In mammals, including humans, neurogenesis is not limited to embryonic stages but is maintained in specific regions of the postnatal and adult brain. For example, in the forebrain neural stem cells along the ventricles keep generating throughout life new neuronal precursors that migrate into the olfactory bulb where they are added to the circuitry as interneurons that use GABA, dopamine and glutamate as their neurotransmitters. This process, resembling ongoing neural development, presents all crucial steps that are also seen in the embryo. However, as the process occurs ex-utero it is highly amenable to experimental manipulation, like in vivo electroporation, lineage tracing, and manipulation by chemo- and optogenetics. In addition, consequences of these changes can be easily observed by classical microscopy or by multi-photon in vivo microscopy.


In our group we use this experimental model to investigate how neuron production and integration are controlled at the molecular and physiological levels, both in the normal and the diseased brain.

Specifically, we ask

How is the stem cell compartment regionalized to produce different types of neurons?

What are the mechanisms that generate this diversity and maintain it throughout the animal’s life? We found that cross regulatory interactions between transcription factors underlie this diversity and use new technologies to provide insight into their expression and function.

What is the role of non-coding RNAs in the process of neurogenesis?

We found that stem cell regionalization and proliferation is fine-tuned in an interplay between microRNAs and long non-coding RNAs.
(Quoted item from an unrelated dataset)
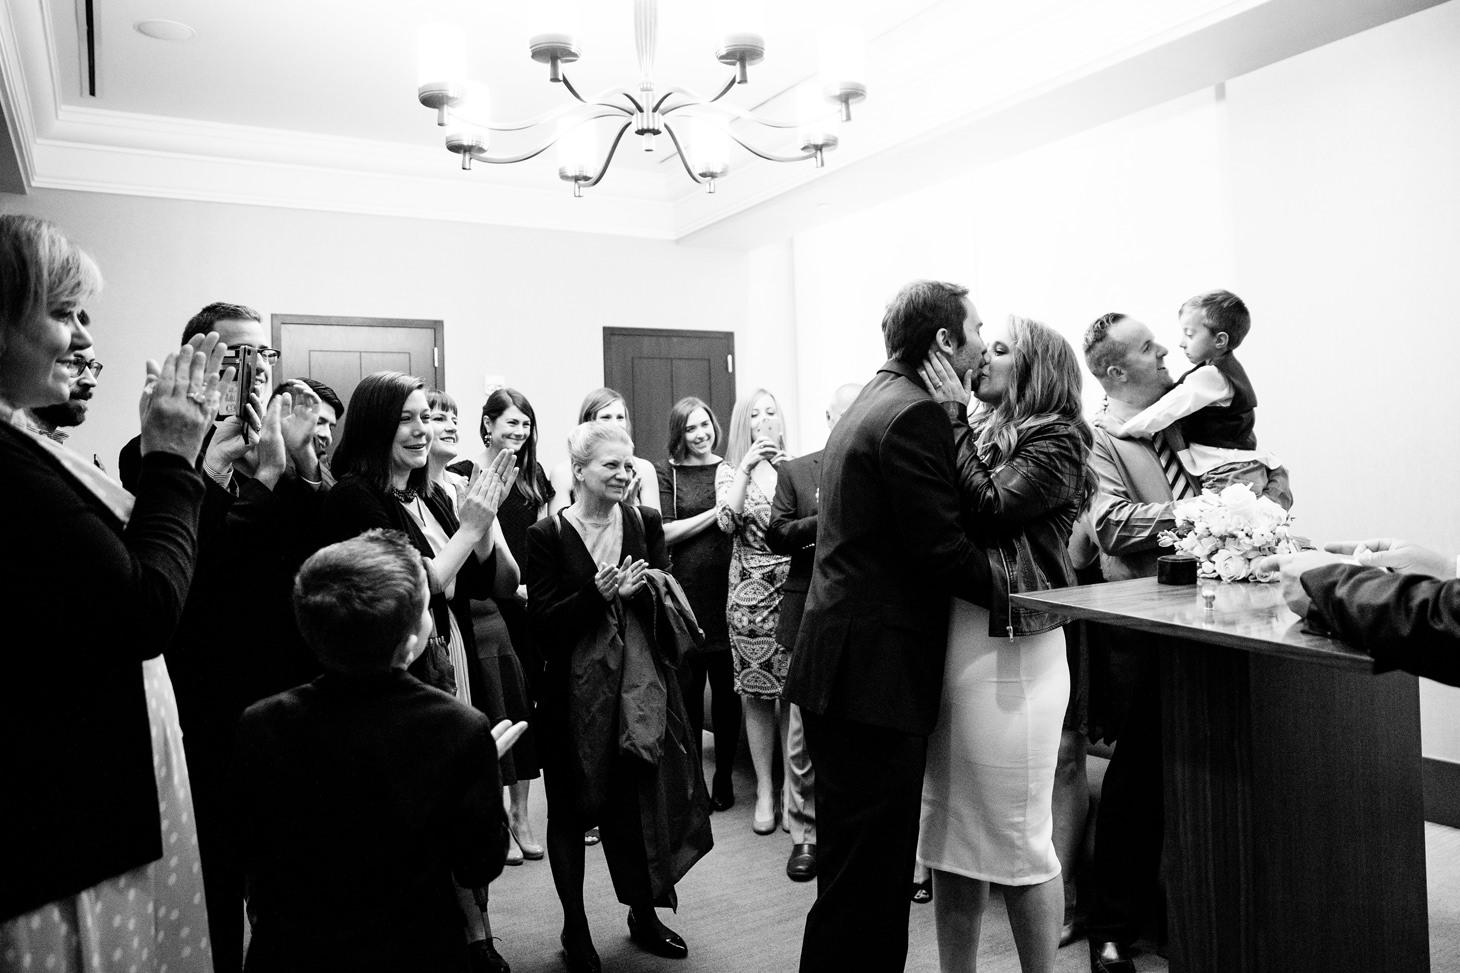 016-NYC-Intimate-Wedding-photography-SmittenChickens-city-hall-lauren-aaron.jpg

We develop new tools and strategies to investigate these interactions in the living brain.

What happens when proliferation and differentiation of new neurons gets out of control and cancer develops?

What is the function of non-coding RNAs in cancer induction and progression? We developed an innovative in vivo model for glioma development in mice to study the role of signaling pathways and the precise role of microRNAs in cancer.

How are new neurons integrated in the postnatal and adult brain and what is their specific function?

Using in vivo multiphoton imaging we found that olfactory bulb neurogenesis is not a replacement process, as has been thought so far, but that new neurons are constantly added to the structure, leading to permanent growths. We investigate the role of this “ongoing development” and analyze the contribution of the different neuronal subtypes to odor perception and computing.